# Work item
Print the records below exactly, and do not carry over any picture.

=== Data for this task ===

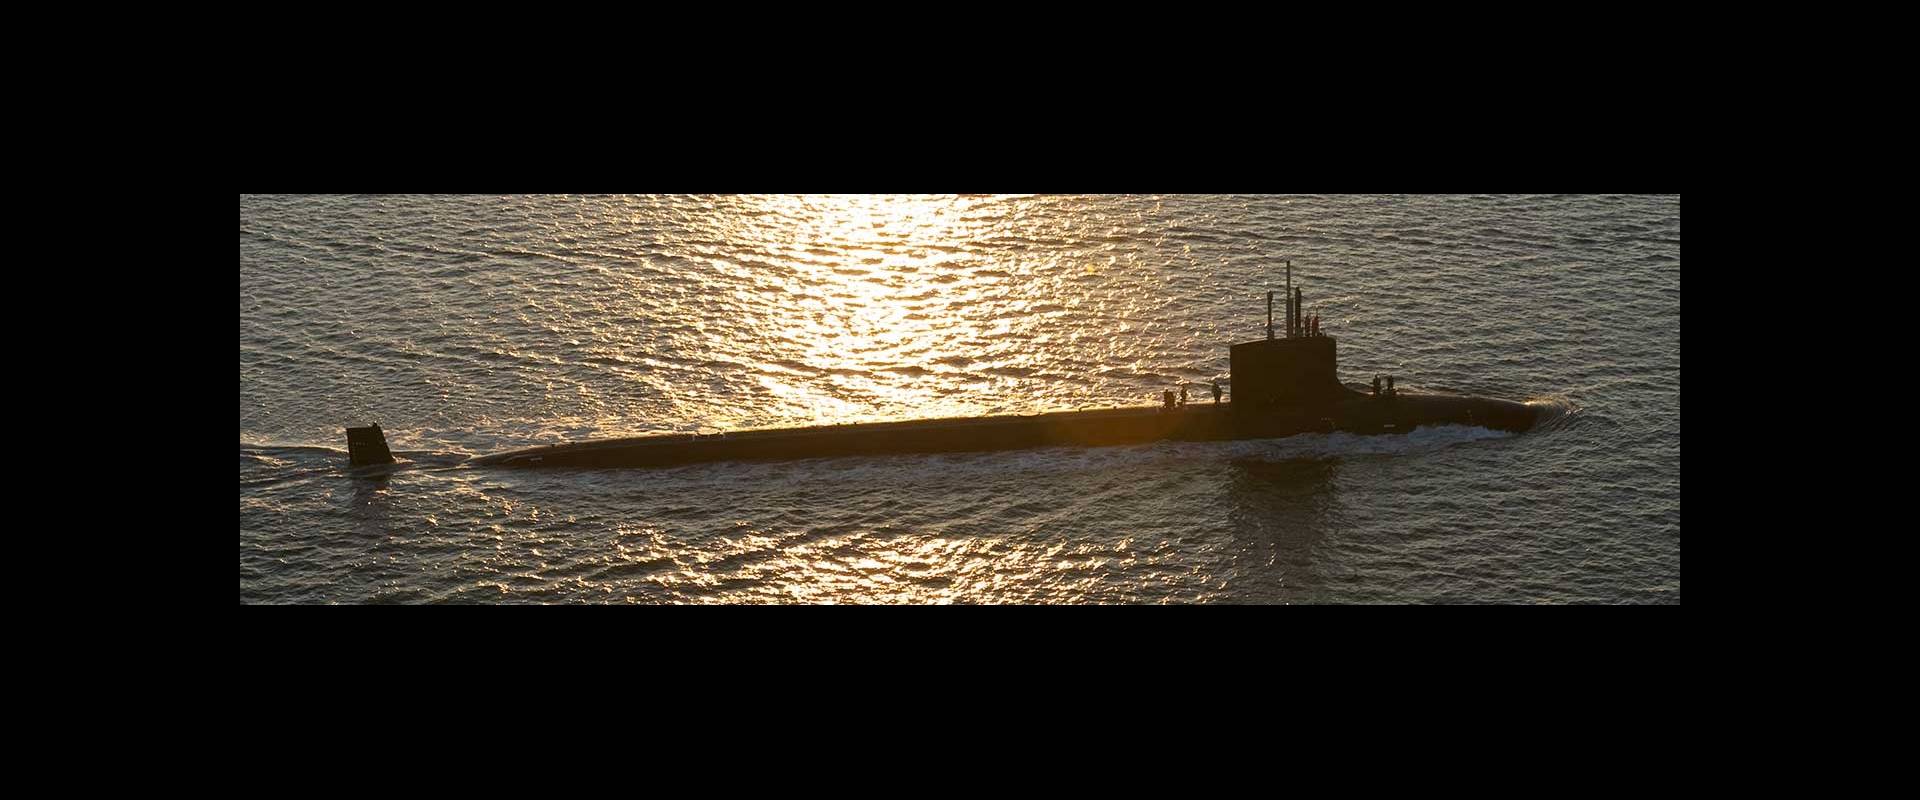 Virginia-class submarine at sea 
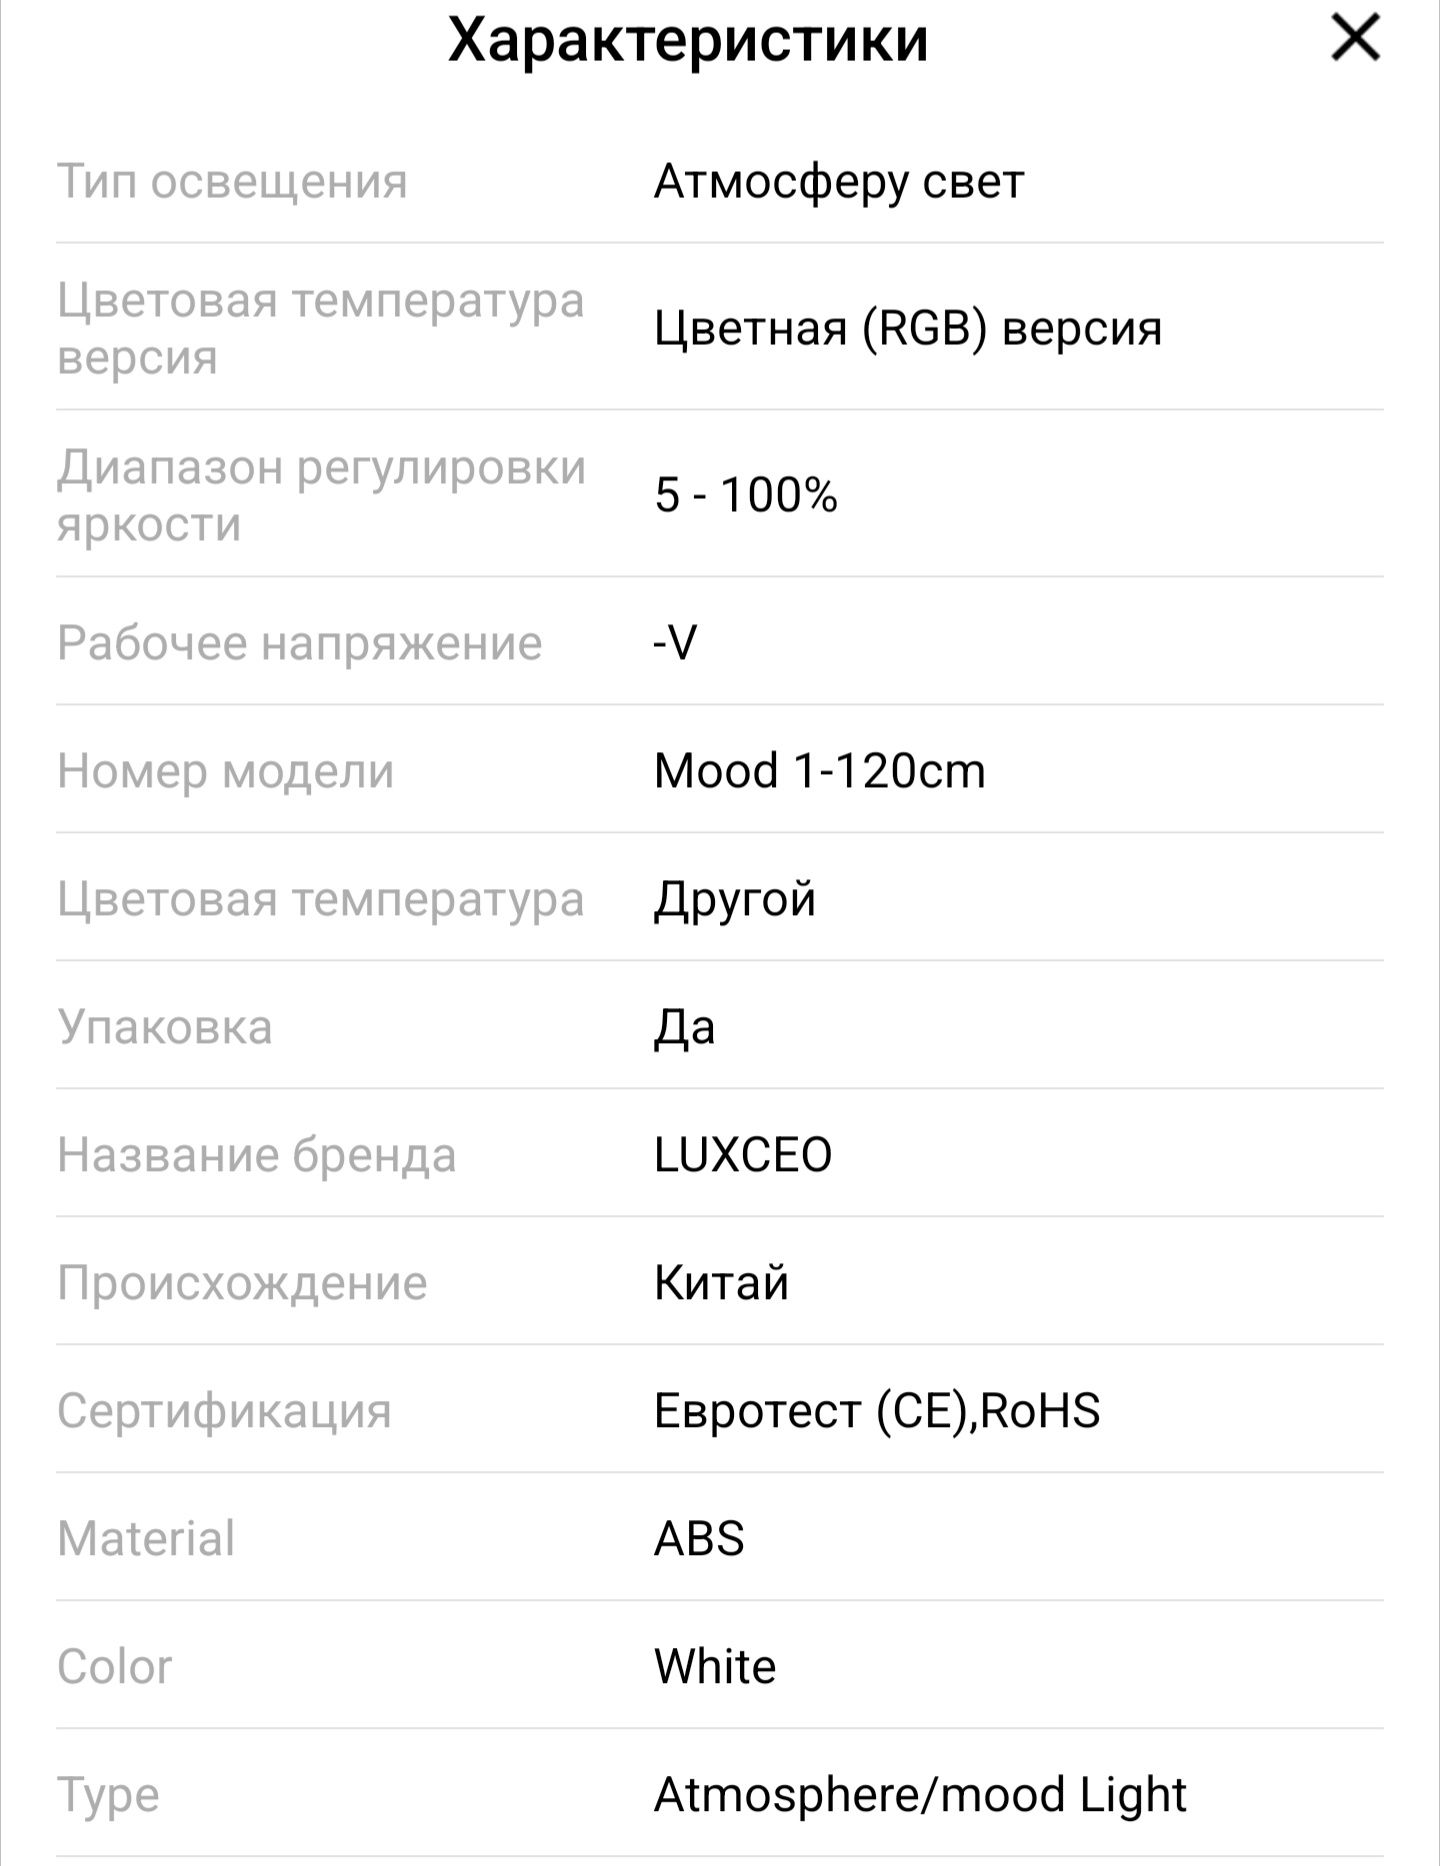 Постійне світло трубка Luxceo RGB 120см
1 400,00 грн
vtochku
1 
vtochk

===

# Answer below
 Virginia-class submarine at sea 
 Постійне світло трубка Luxceo RGB 120см
1 400,00 грн
vtochku
1 
vtochk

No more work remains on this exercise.